After levy of his writ of execution plaintiff later checked with the Motor Vehicle Division of the State of Colorado concerning the two truck tractors upon which Colorado Kenworth Company claimed its lien and was advised that they had no record of the vehicles or of the lien. Plaintiff also checked the records of the Logan County Clerk’s Office with competent assistance and found no record of the lien claimed by Consolidated Credit Corporation.

The trial court held as a fact that, “The vehicles levied upon under said writ of execution were not the vehicles upon which defendants claimed liens.”

With this finding the defendants take exception. After a careful reading of the transcript we are inclined to agree with the court below.

The defendants had the burden of proof in the court below. (A.R.S. § 12-1338.)

If there was any substantial evidence to support the trial court’s finding that the vehicles levied upon were not the vehicles upon which defendants claimed liens, this court will affirm. This court will view the evidence and the lawful inferences to he drawn from the evidence in the light most favorable to supporting the findings of the *572trial judge, Smith v. Connor, 87 Ariz. 6, 347 P.2d 568 (1959); Almada v. Ruelas, 96 Ariz. 155, 393 P.2d 254 (1964).

We are of the opinion the evidence permits the finding of the trial judge that the defendants did not bear their burden in proving that the vehicles levied upon were the same as those that the defendants had liens upon.

Defendants have cited authority that the lack of a serial number is not fatal, 47 Am.Jur. Sales § 861, where there is other substantial evidence of a descriptive nature, i.e., 1. A motor vehicle, 2. A truck, 3. Make of vehicle, 4. Size or capacity-inference that mortgagor had but one such truck. Hicks v. Walker Brothers Co., 31 Ga.App. 395, 120 S.E. 694 (1923); Peek v. Wachovia Bank & Trust Co., 242 N.C. 1, 86 S.E.2d 745 (1955). With this, we agree. The identity must be determined by examination of all the evidence.

It is noted in the case at bar the serial numbers of the vehicles could not be tied to them through the license plates since those plates had been issued for entirely different vehicles. The identification numbers of the vehicles levied upon were never compared or checked against those upon the lien instruments—nor were those of the vehicles the drivers returned with from-Arizona.

There was considerable evidence presented upon which the lower court could have based a decision in favor of the defendants, but, in view of what we have herein stated, there seems no necessity to burden this opinion with a recital of such testimony:

“Our duty, on appeal, begins and ends with the inquiry whether the trial court had before it evidence upon which an unprejudiced mind might reasonably have reached the same conclusion which was reached.” Murillo v.
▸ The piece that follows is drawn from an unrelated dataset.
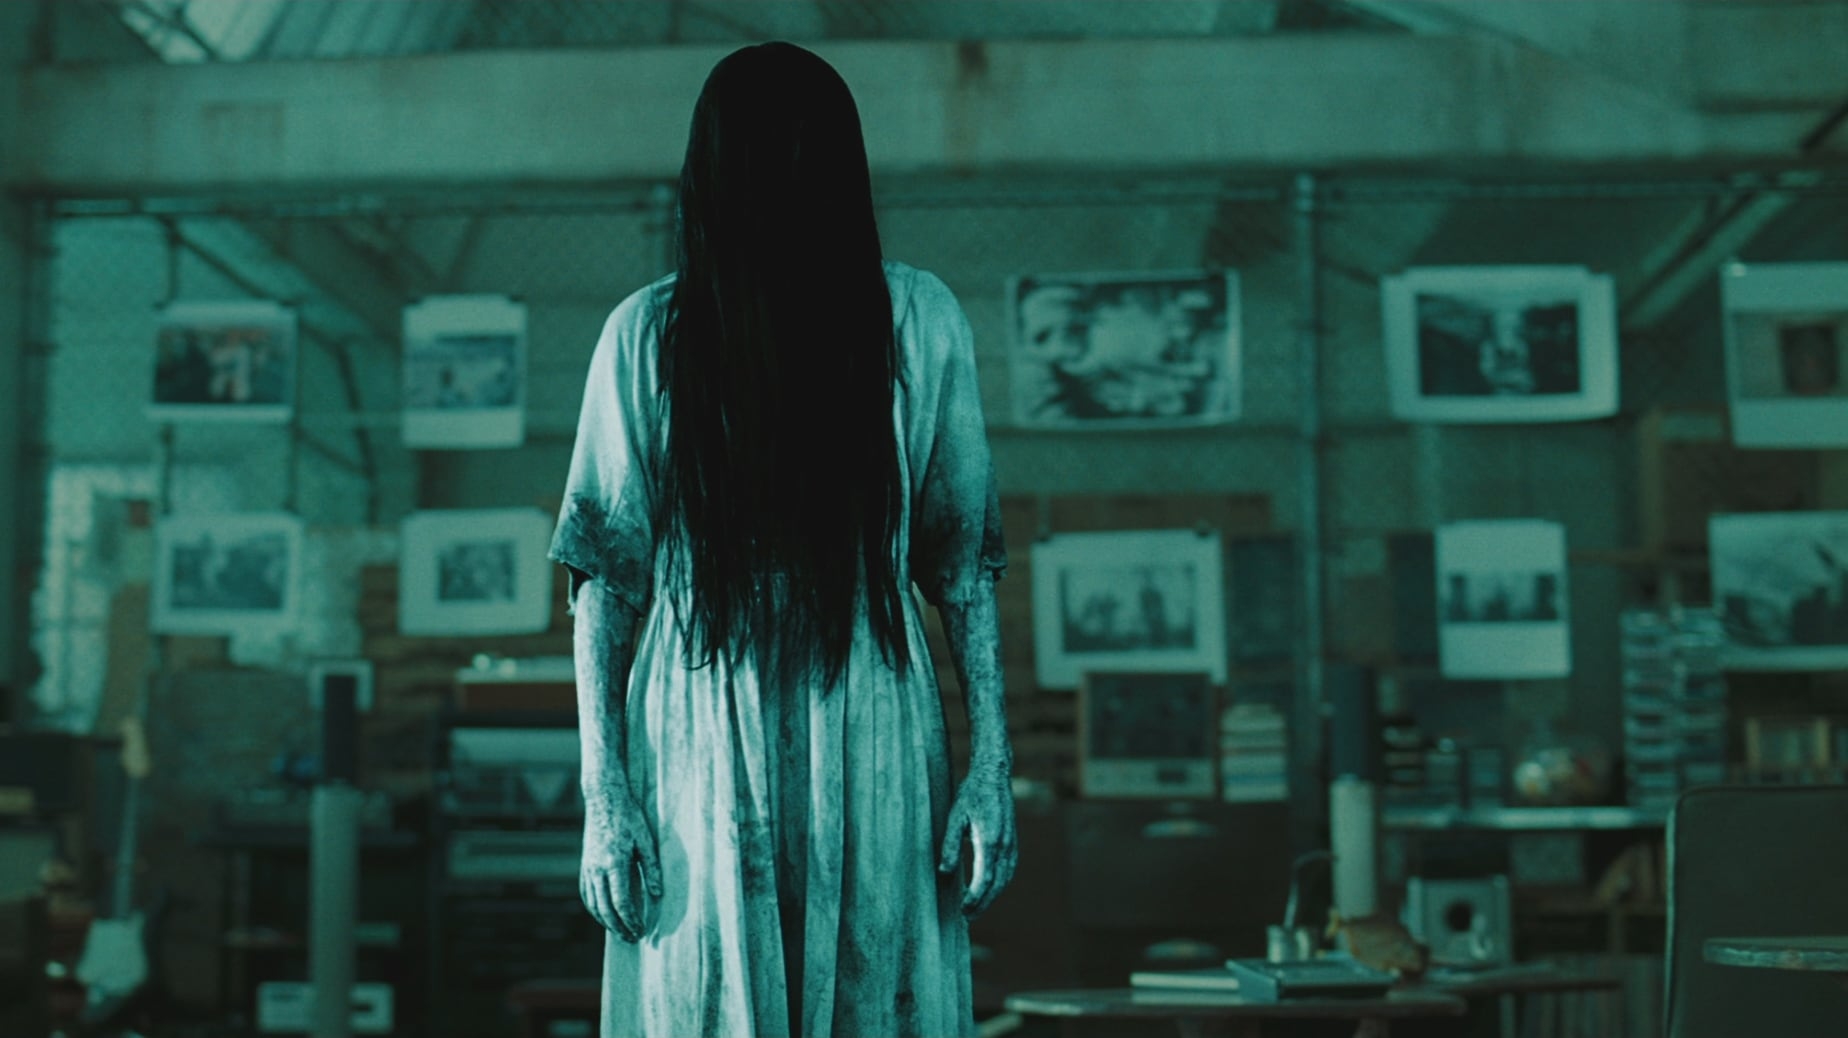 The Ring (The Ring)

Hernandez, 79 Ariz. 1, 281 P.2d 786 (1955), Almada v. Ruelas, supra.

In view of our disposition of this issue it is obvious that it is not necessary to discuss defendants’ other contentions. They are all based on the premise that the vehicles levied upon were the same as those upon which defendant claimed liens.

Affirmed.

CAMERON, C. J., and STEVENS, J., concur.

NOTE: Judge FRANCIS J. DONOFRIO having requested that he be relieved from consideration of this matter Judge PORTER MURRY was called to sit in his stead and participate in the determination of this decision.